Method Speed Use Case
Vectorized ops ⚡ Fastest Arithmetic, comparisons
NumPy functions ⚡ Fast Math operations
eval() ⚡ Fast Complex expressions
apply(axis=0) 🔶 Moderate Column-wise operations
apply(axis=1) 🔴 Slow Row-wise operations
iterrows() 🔴 Slowest Avoid if possible

Rule of thumb: If you're writing a loop over DataFrame rows, there's almost always a vectorized alternative.


Runnable Example: performance_tutorial.py

"""
Pandas Tutorial: Performance Optimization.

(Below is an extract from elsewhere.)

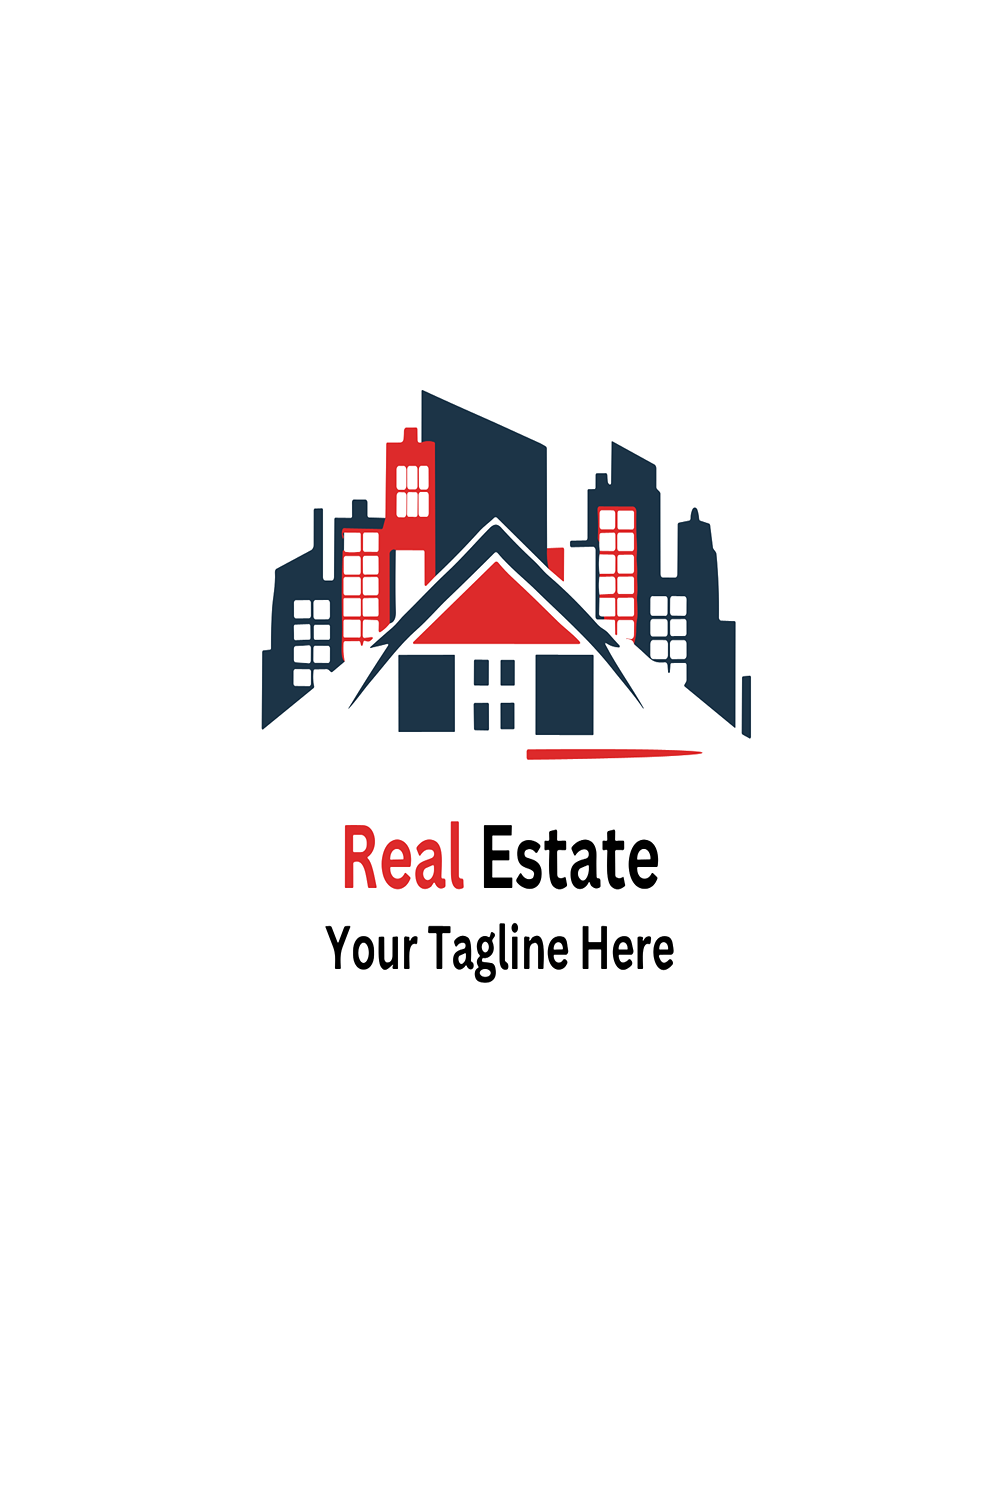 Real Estate - Logo Design Template, Vector Real Estate Logo, Business Real Estate Logo, Company Real Estate Logo, Real Estate Logo, pinterest preview image.
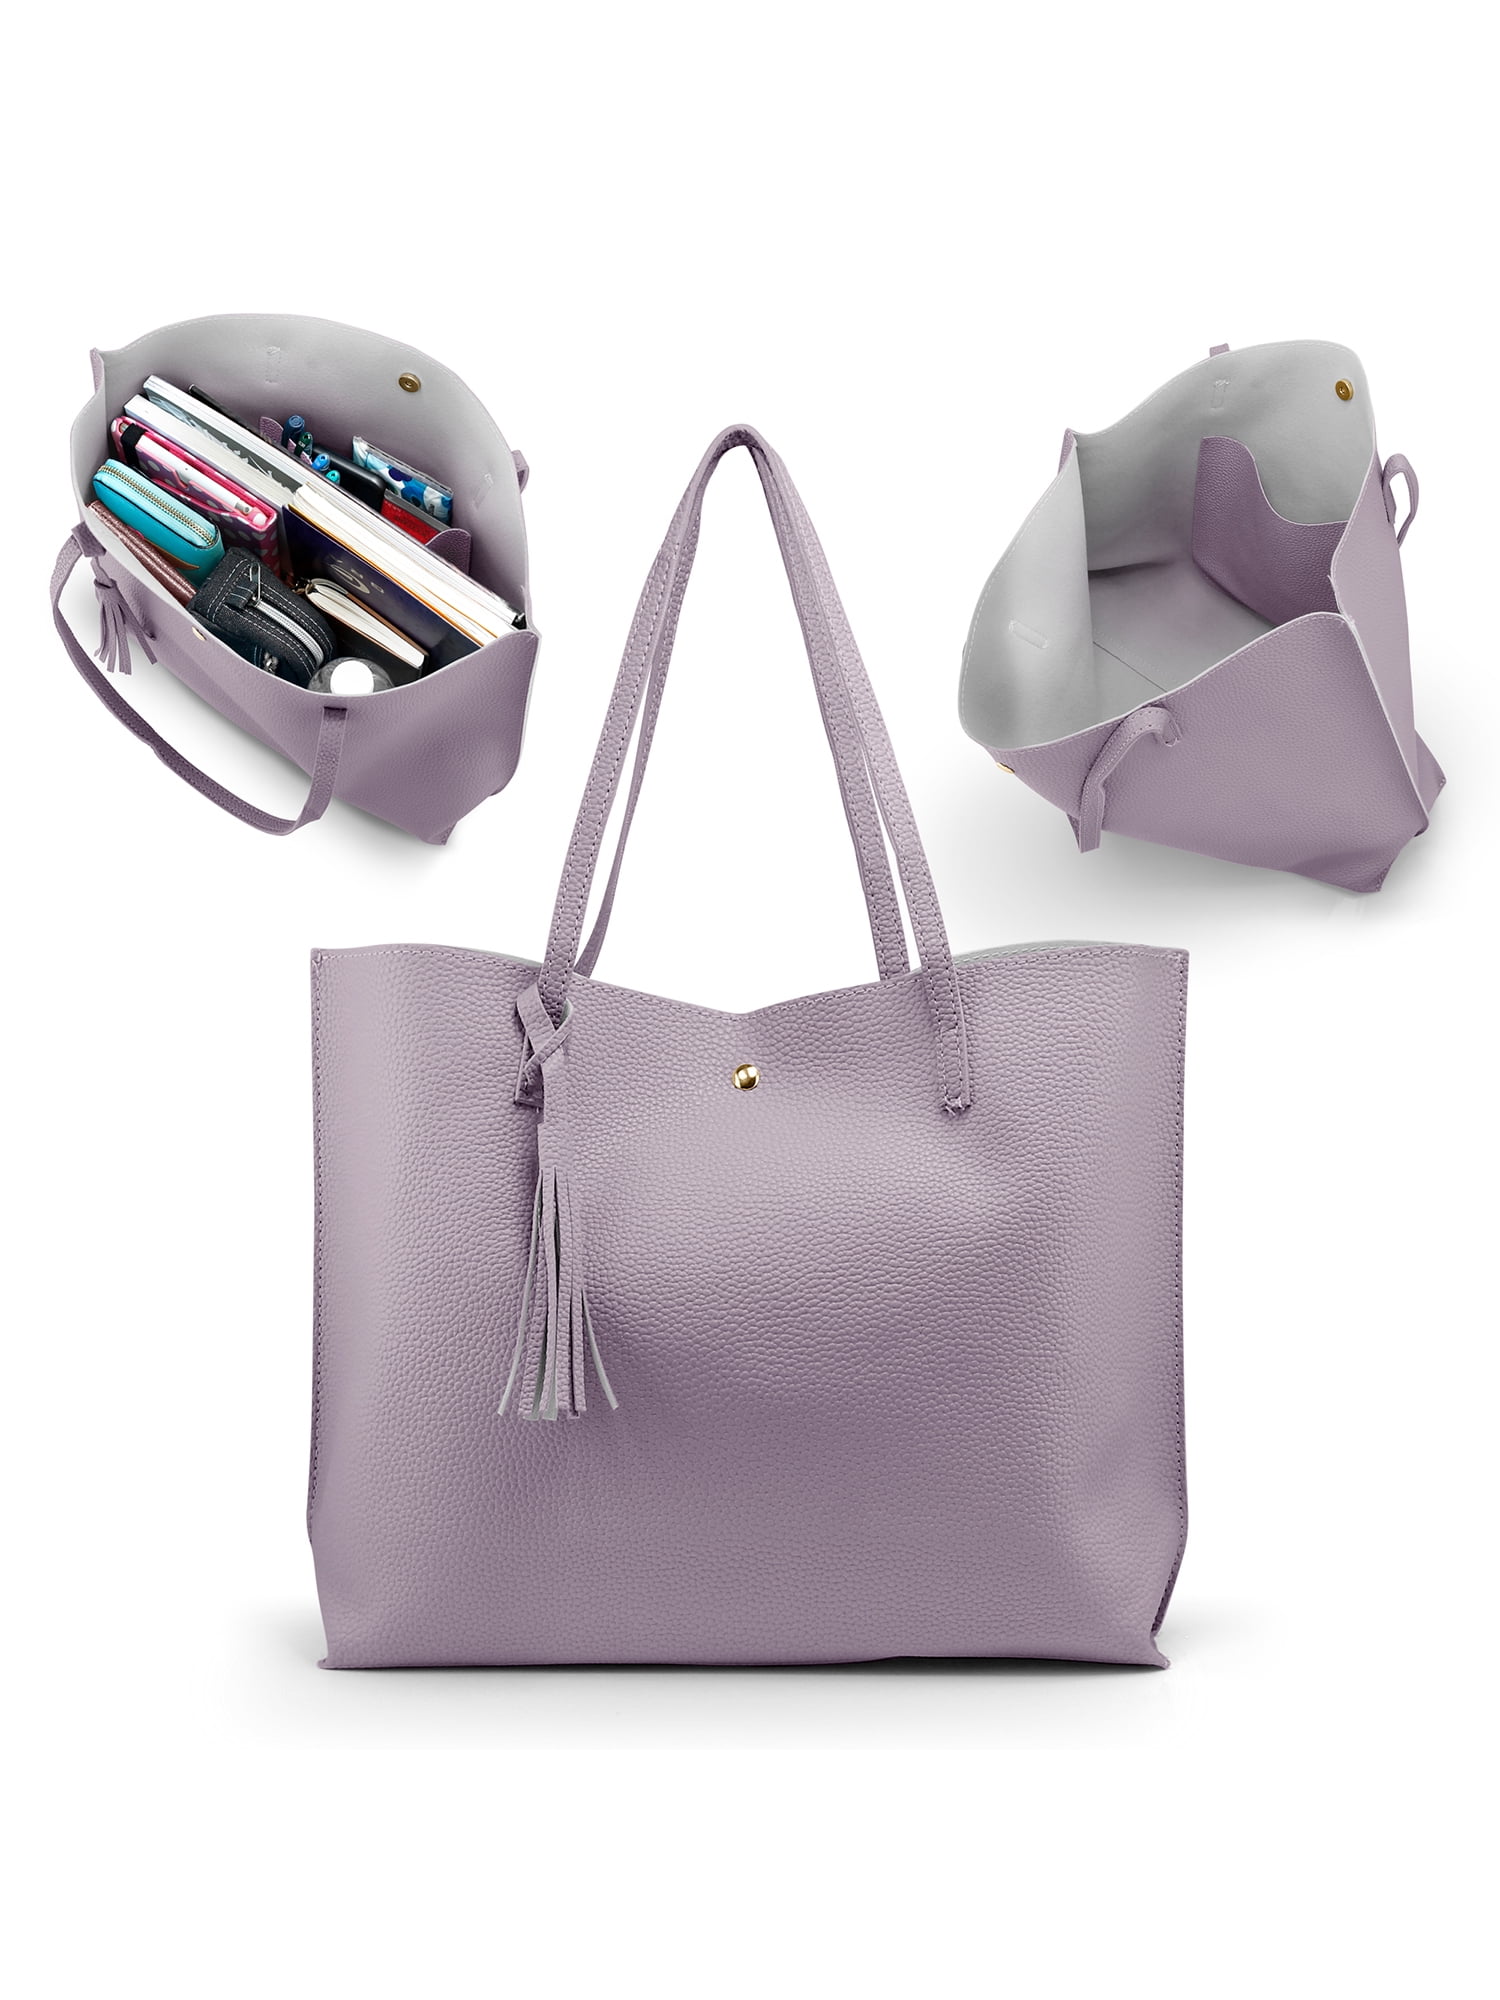 Women Tote Bag Tassels Leather Shoulder Handbags Fashion Ladies Purses Satchel Messenger Bags Purple 6eb11d00 1953 4872 abc7 a737b6fcffb5 1.7738cf44947c831727b3af9df0c039aa

Covers techniques for faster data processing.
"""

import pandas as pd
import numpy as np
import time

# =============================================================================
# Main
# =============================================================================

if __name__ == "__main__":

    print("="*70)
    print("PERFORMANCE OPTIMIZATION")
    print("="*70)

    # Create large dataset
    n = 100000
    np.random.seed(42)
    df = pd.DataFrame({
        'A': np.random.randint(0, 100, n),
        'B': np.random.randint(0, 100, n),
        'C': np.random.choice(['X', 'Y', 'Z'], n),
        'D': np.random.random(n)
    })

    print(f"\nDataFrame with {len(df):,} rows")
    print(df.head())

    # 1. Vectorized operations vs loops
    print("\n1. Vectorized operations vs loops:")

    # Loop (slow)
    start = time.time()
    result_loop = []
    for val in df['A']:
        result_loop.append(val * 2)
    loop_time = time.time() - start

    # Vectorized (fast)
    start = time.time()
    result_vec = df['A'] * 2
    vec_time = time.time() - start

    print(f"Loop time: {loop_time:.4f}s")
    print(f"Vectorized time: {vec_time:.4f}s")
    print(f"Speedup: {loop_time/vec_time:.2f}x")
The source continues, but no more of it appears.